At the heart of discussions during the inaugural panel of the NGOs Forum was a powerful message: sanitation is not simply a technical or infrastructure issue, but a question of dignity, equality, safety, and human rights for millions of women and girls across Africa.

Held on May 7, 2026, at the Sir Dawda Kairaba Jawara Conference Centre in Bijilo, under the theme “From Invisibility to Accountability to Secure Sanitation as a Right for Women and Girls in Africa,” the panel brought together human rights commissioners, policy experts, legal advocates, and development practitioners who challenged African governments and institutions to move beyond policy promises toward concrete implementation and accountability.

Moderating the session, Caroline Kwamboka set the tone by arguing that Africa’s problem is not the absence of laws and frameworks on water and sanitation, but the failure to implement them effectively.

“Our deficit lies in the conversion of existing policies into practice,” she said. “The issue is bringing to life the policies that we already have.”

Her remarks resonated strongly with participants who acknowledged that despite numerous regional and international commitments, many women and girls across the continent still lack access to safe, private, and dignified sanitation facilities.

For Commissioner Janet Sallah-Njie, sanitation must be viewed through the lens of justice and human dignity rather than infrastructure alone.

“Sanitation is not only about infrastructure,” she stressed. “It is about dignity. It is about equality. It is about the realisation of human rights.”

Speaking passionately about the realities facing women and girls, Commissioner Njie highlighted how inadequate sanitation continues to undermine education, health, safety, and social inclusion.

“When a girl misses school because there is no safe sanitation facility, her rights are violated,” she stated. “When a woman risks assault while searching for a safe place to relieve herself, her rights are violated.”

Her intervention shifted the discussion from statistics and development targets to the lived experiences of women and girls who often suffer silently due to poor sanitation systems.

The Commissioner further challenged policymakers and urban planners to recognise that sanitation systems are not gender neutral and must be designed with the realities of women and marginalised communities in mind.

“A toilet without lighting is not safe.

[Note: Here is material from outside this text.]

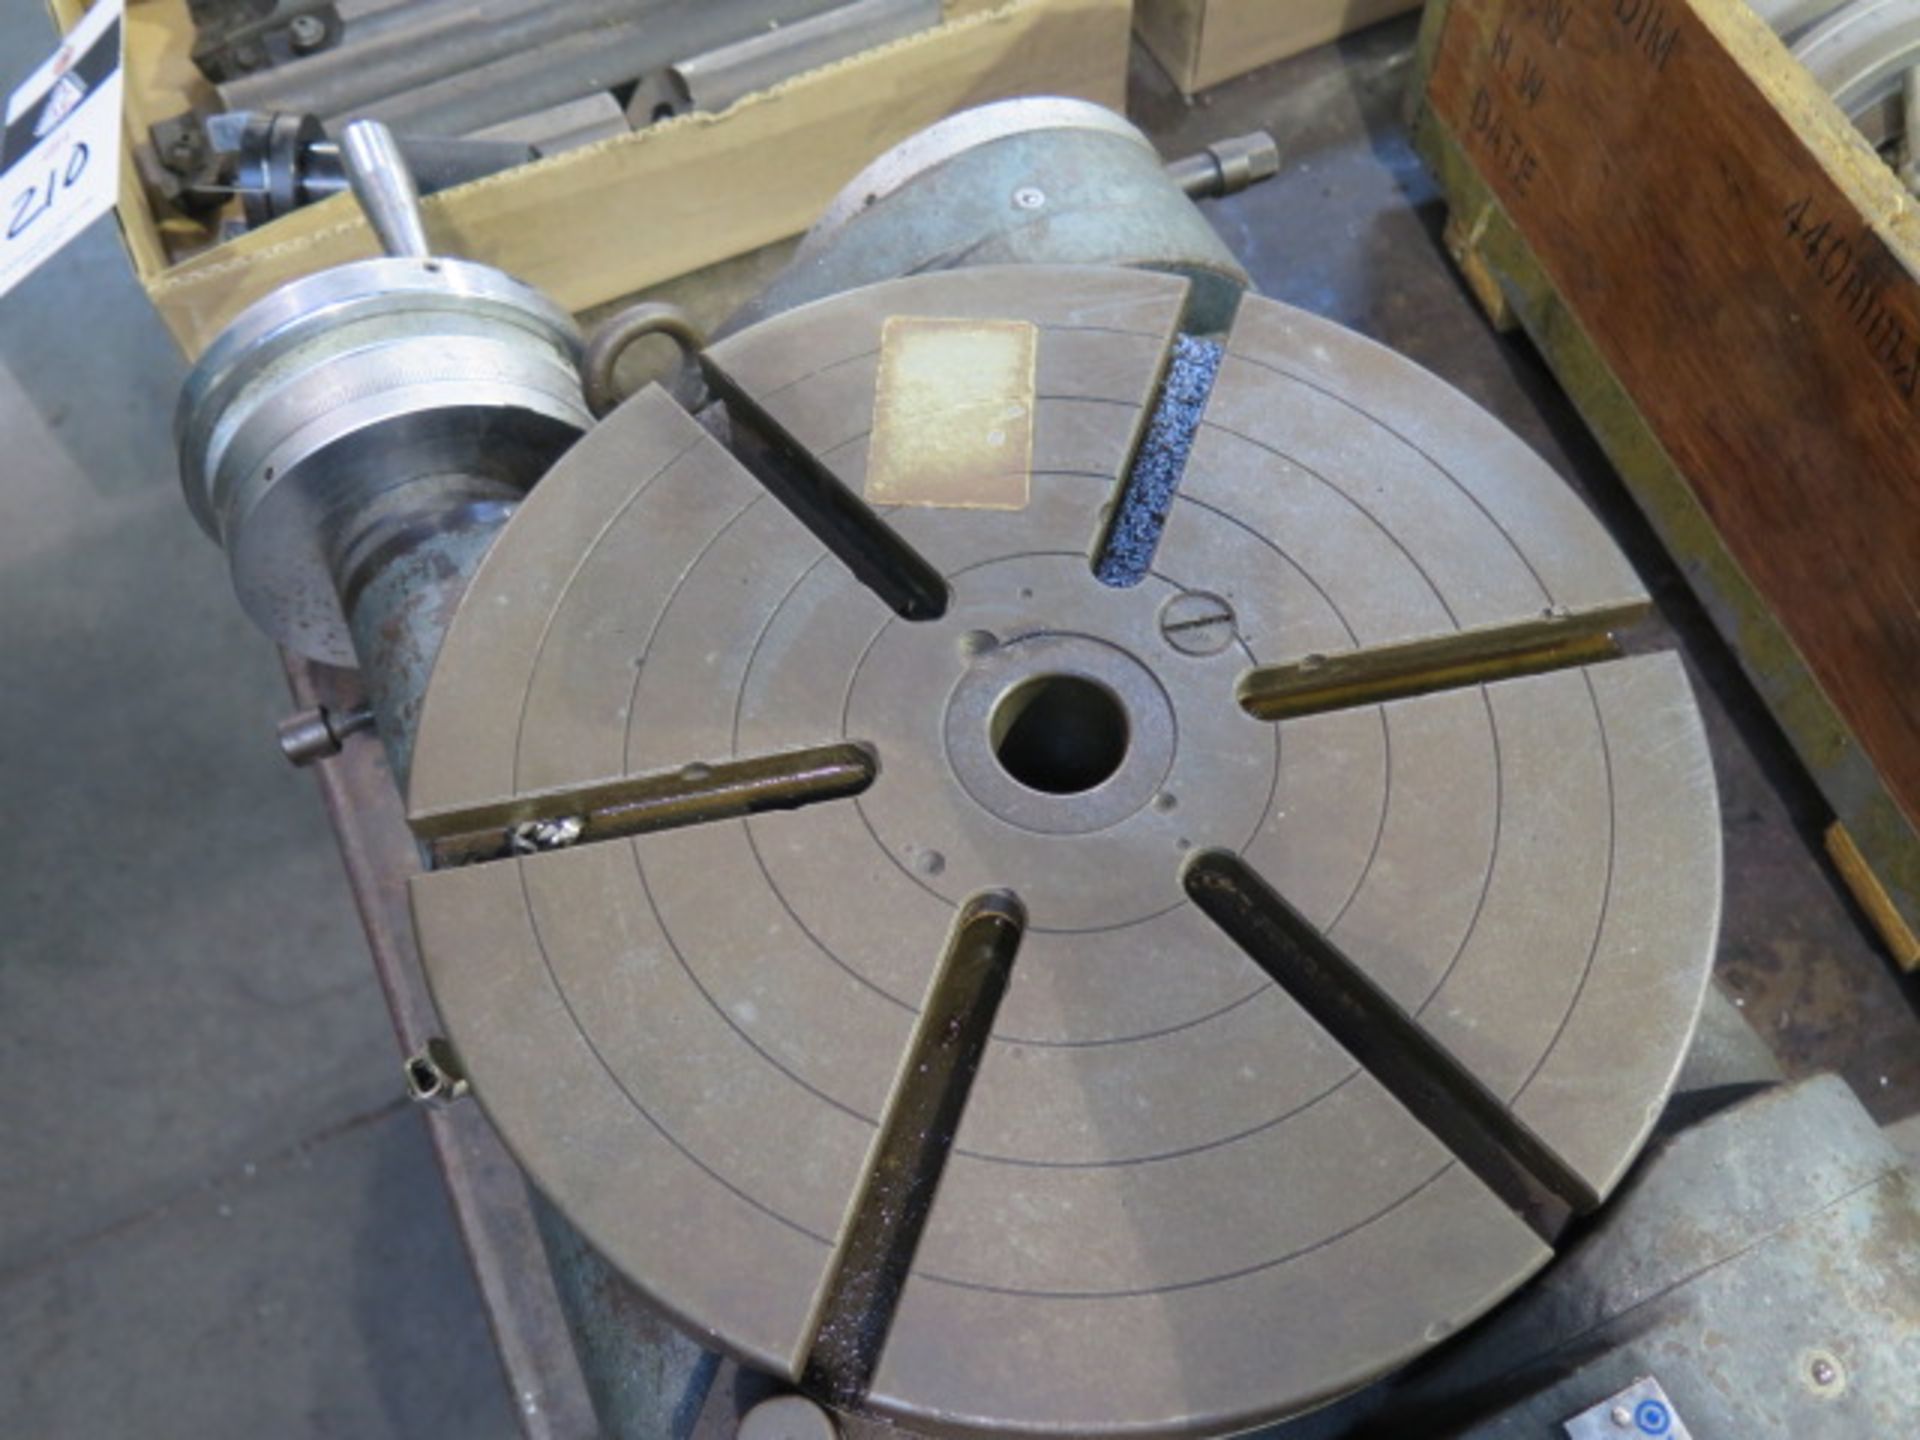 Yuasa 12" Compound Rotary Table (SOLD AS-IS - NO WARRANTY) - Image 4 of 5

A school without menstrual facilities is not inclusive,” she emphasised.

Representing the Nairobi River Commission, Eva Muhia drew attention to the sanitation crisis in Nairobi’s informal settlements, where overcrowding, insecurity, and poor infrastructure continue to affect vulnerable communities disproportionately.

“We shifted the conversation from sanitation as infrastructure to sanitation as a human right,” she explained.

Muhia criticised the longstanding exclusion of women’s voices in sanitation planning and policy development, noting that many public facilities fail to respond to women’s safety and privacy needs.

“You can tell many sanitation facilities were not designed from a woman’s perspective,” she remarked.

The issue of accountability took centre stage when addressing the role of strategic litigation in advancing sanitation rights.

Raphael Birindwa Rukundanahizi of the Institute for Human Rights and Development in Africa (IHRDA) argued that although sanitation is often overlooked in legal processes, violations linked to sanitation can still be pursued under broader human rights protections, including the rights to health, education, dignity, and protection from discrimination.

Mary Kimemia of IPAS underscored the growing recognition that governments and institutions must be held accountable when communities are denied access to safe sanitation and water services.

Adding another dimension to the discussion, she connects sanitation directly to sexual and reproductive health rights, arguing that water, sanitation, and hygiene services are foundational to women’s health and bodily autonomy.

“Water, sanitation and hygiene are not peripheral services,” she said. “They are foundational enablers of many rights.”

Participants throughout the session repeatedly emphasised that sanitation inequalities continue to reinforce gender inequality, poverty, school absenteeism, and health risks, particularly for women and girls living in informal settlements, rural communities, and marginalised populations.

The panel concluded with the formal launch of the Gender, Youth and Social Inclusion Capacity Strengthening Handbook for Water, Sanitation and Hygiene, described by participants as a practical and action-oriented guide designed to strengthen implementation, accountability, and inclusive policy development across Africa.

For many attendees, the launch symbolised a shift from rhetoric toward practical solutions grounded in human rights and community realities.

As the discussion closed, one message remained clear: achieving sanitation justice in Africa will require more than infrastructure projects and policy declarations. It will demand political will, inclusive planning, legal accountability, and recognition that access to safe sanitation is inseparable from the dignity and rights of women and girls.